Hi all,

We had a similar problem while integrating ServiceNow with the Google Cloud Pub/Sub. The issue was the same as you described, in the official documentation the provided steps guide you through setting up OAuth2 using the personal/work Google e-mail account (Set up the Google Cloud Pub Sub Spoke) to generate the access token. We wanted to use the service_account created on the Google Cloud platform instead. At first, we tried to set it up using the JSON key file generated on the Google Cloud, but with no luck. Eventually, we managed to make it work using the P12 key and JWT Provider.

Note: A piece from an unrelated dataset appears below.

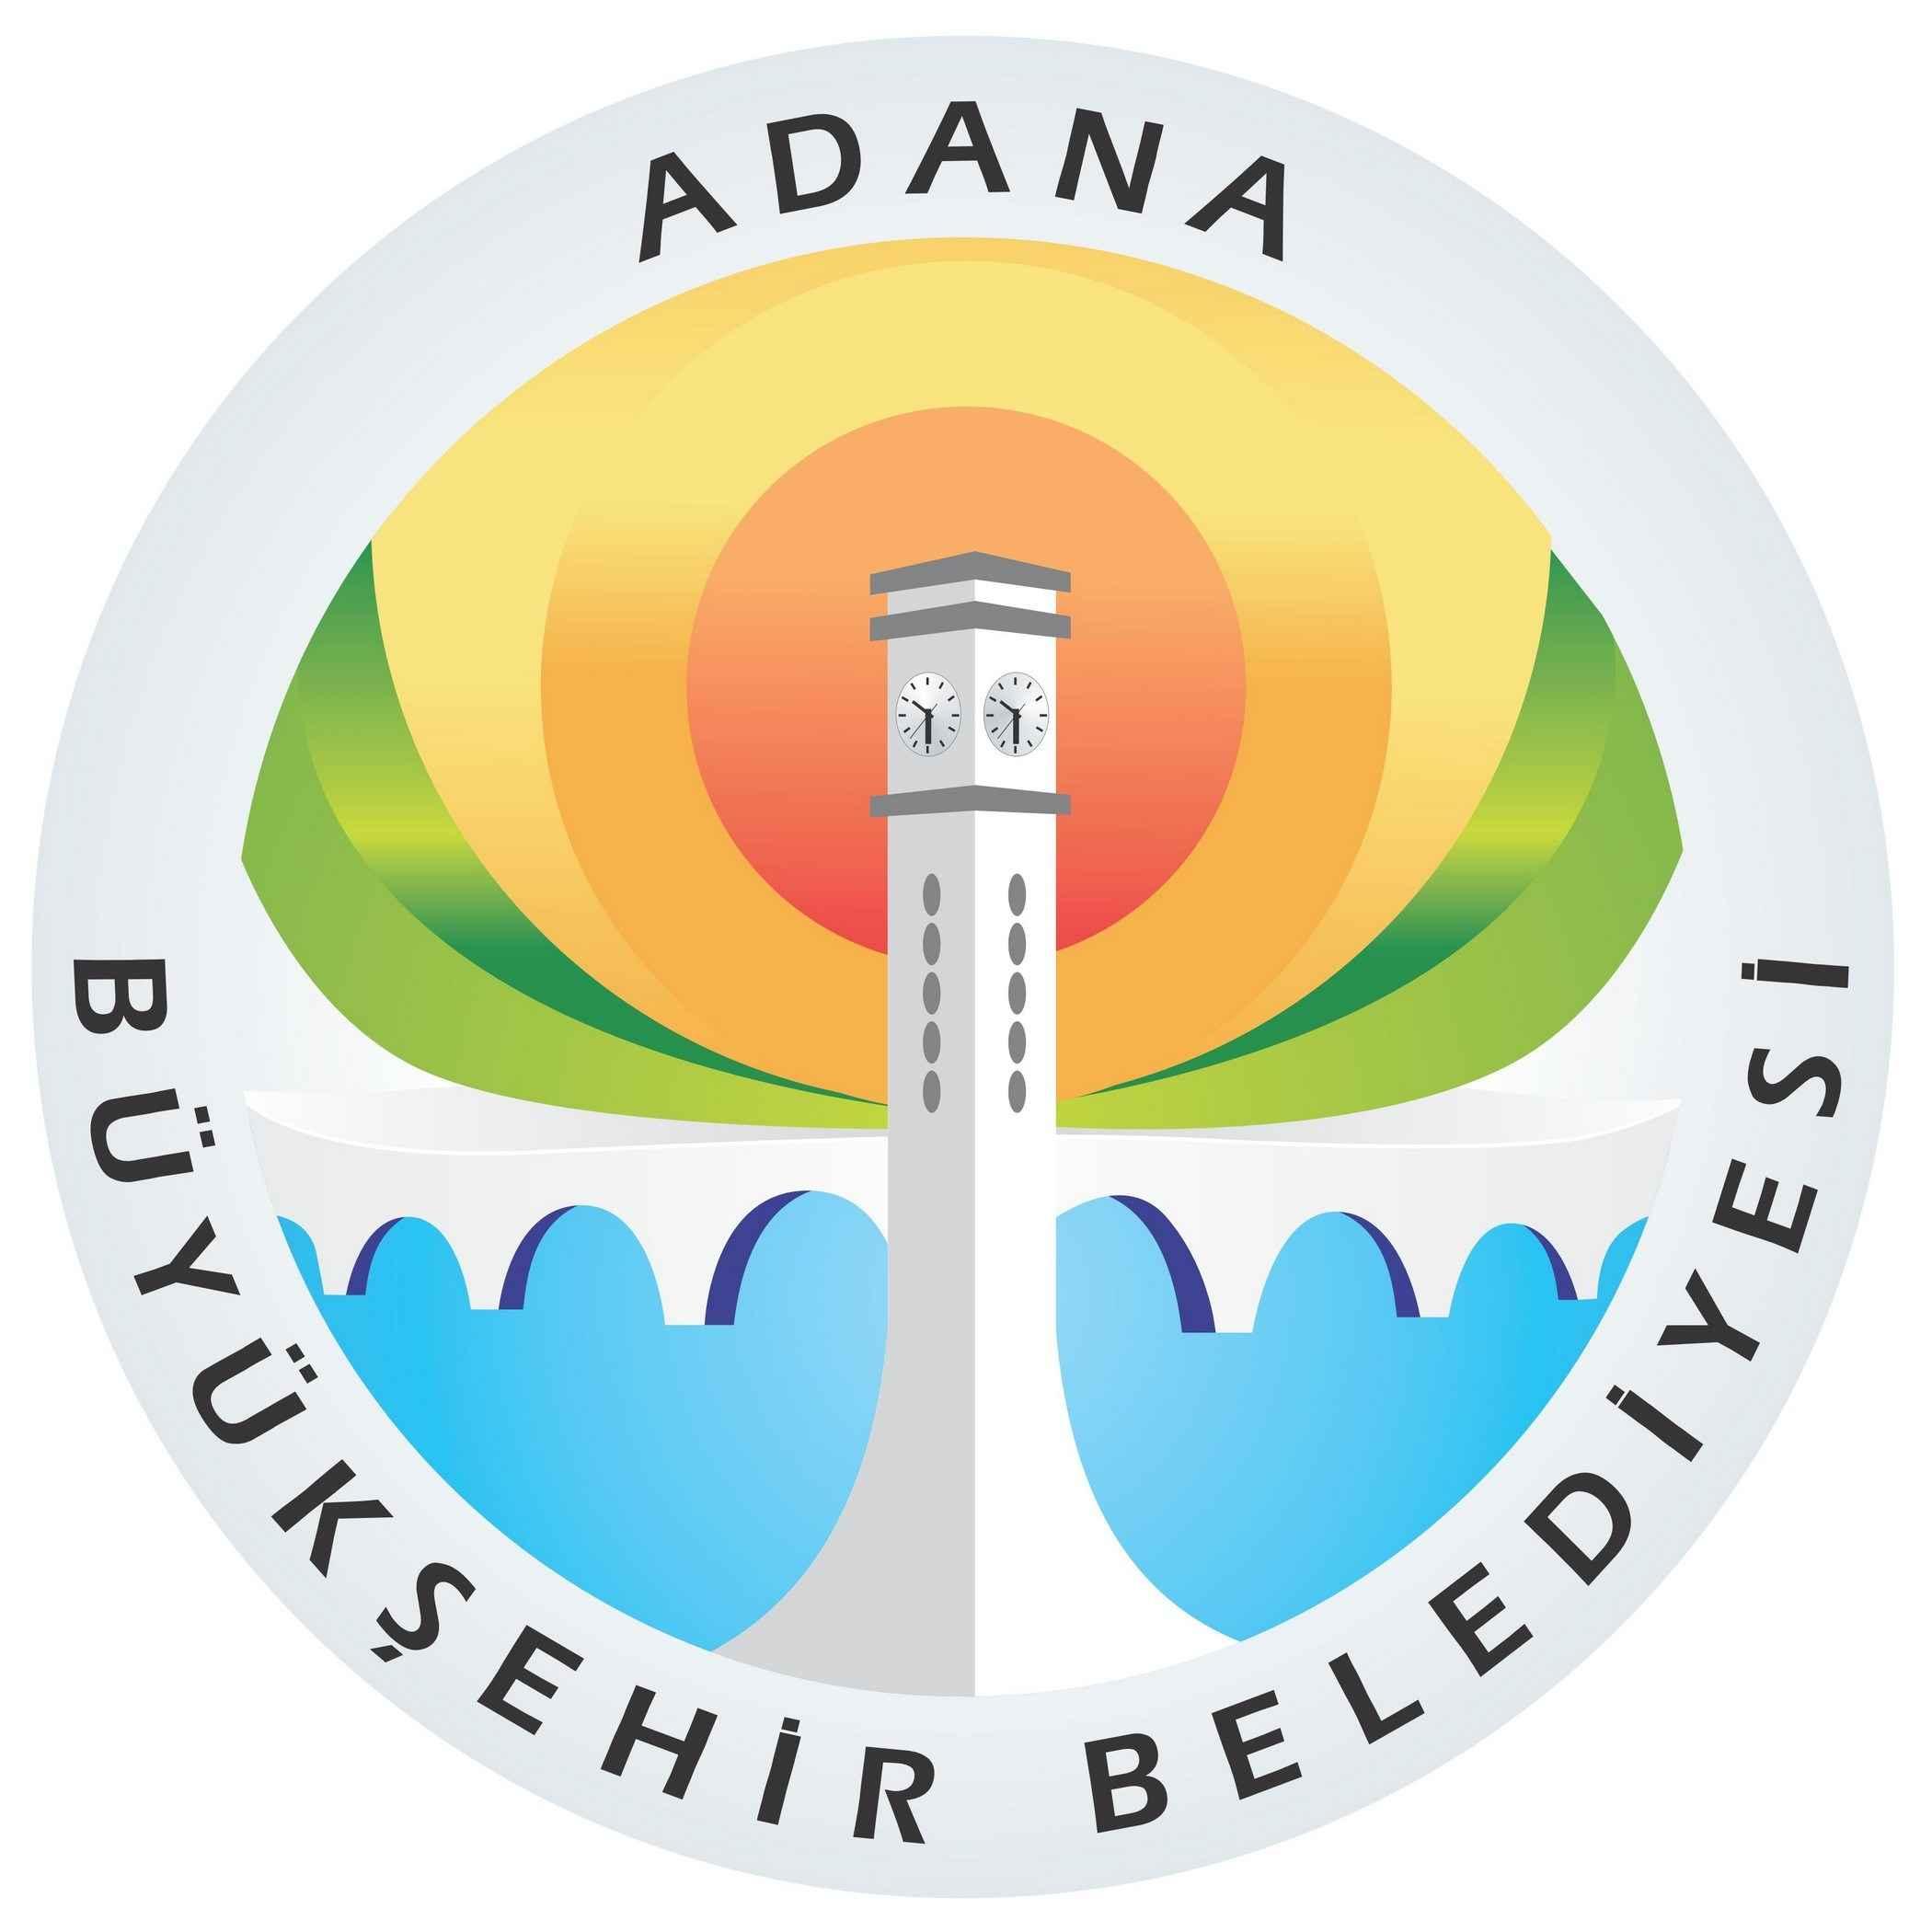 http://www.freelogovectors.net/wp-content/uploads/2013/04/adana-buyuksehir-belediyesi-logo.jpg

Here are the steps for integrating ServiceNow with Google Cloud using the service_account and OAuth2 JWT Token:

1. After setting up the service_account create a new P12 key for it in the Google Cloud and download it to your machine.
2. Log in to your ServiceNow instance and open JWT Keys, then click on the create new record button. Populate the following fields:
   • Name: e.g. Google Cloud Key
   • Signing Keystore - create a new record and upload the downloaded P12 key into it
     • Name: e.g. Google Cloud Certificate
     • Type: Java Key Store
     • Key store password: notasecret (default password generated while creating P12 key on Google Cloud - change this value if needed).
     • Active: true (default value)
   • Signing Algorithm: RSA 256
   • Signing Key: notasecret (default password generated while creating P12 key on Google Cloud - change this value if needed).
3. Open JWT Providers, then click on the create new record button. Populate the following fields:
   • Name: e.g. Google Cloud Provider
   • Signing Configuration: pick a configuration you created in the previous step (e.g. Google Cloud Key)
   • Expiry Interval (sec): e.g. 3600 (or leave 60 - default value)
   • JWT API Script: leave empty (default)
4. After that, open System OAuth -> Application Registry and create a new record by choosing the option "Connect to a third party OAuth Provider", then populate the following fields:
   • Name: e.g. Google Cloud JWT
   • Client ID: NotNeededForJWT
   • Client Secret: NotNeededForJWT
   • Default Grant Type: JWT Bearer
   • Refresh Token Lifespan: 8,640,000 (leave default value)
   • Token URL: https://oauth2.googleapis.com/token
   • Redirect URL: will be auto-generated
   • You can leave other fields at default values.
5. After submitting the new Application Registry record, a new OAuth Entity Profile will be created with the same name as the registry with the suffix default_profile (e.g. Google Cloud JWT default_profile ). Open it from the Application Repository related list and make sure that the Grant type is JWT Bearer. Update the JWT Provider reference and pick a record we created in step 3 (e.g. Google Cloud Provider) and then save the changes.
6. Now we have to create a Credential record that will use the newly created application registry. Click on All and open IntegrationHub -> Connection & Credentials -> Connection & Credential Aliases, then click New.
   • Change the Type to: Credential
   • Name: e.g. Google Cloud Alias
   • Click Save and re-open this record
7. On the newly created Connection & Credential Aliases record click the New button on the Credentials related list and then choose the option "OAuth 2.0 Credentials". Populate the following fields:
   • Name: e.g. Google Cloud Cred
   • OAuth Entity Profile: choose the profile from the step 5 (e.g. Google Cloud JWT default_profile)
   • You can leave other fields at default values
8. On the newly created Credentials record click on the Get OAuth Token hyperlink and you should get the following message: OAuth token flow completed successfully
9. That's it. Now you can open/create the integration Action in the Flow Designer and under the REST Step choose the Credential Alias created in step 6 (e.g. Google Cloud Alias) and the integration with the Google Cloud using the service_account should work using JWT Bearer.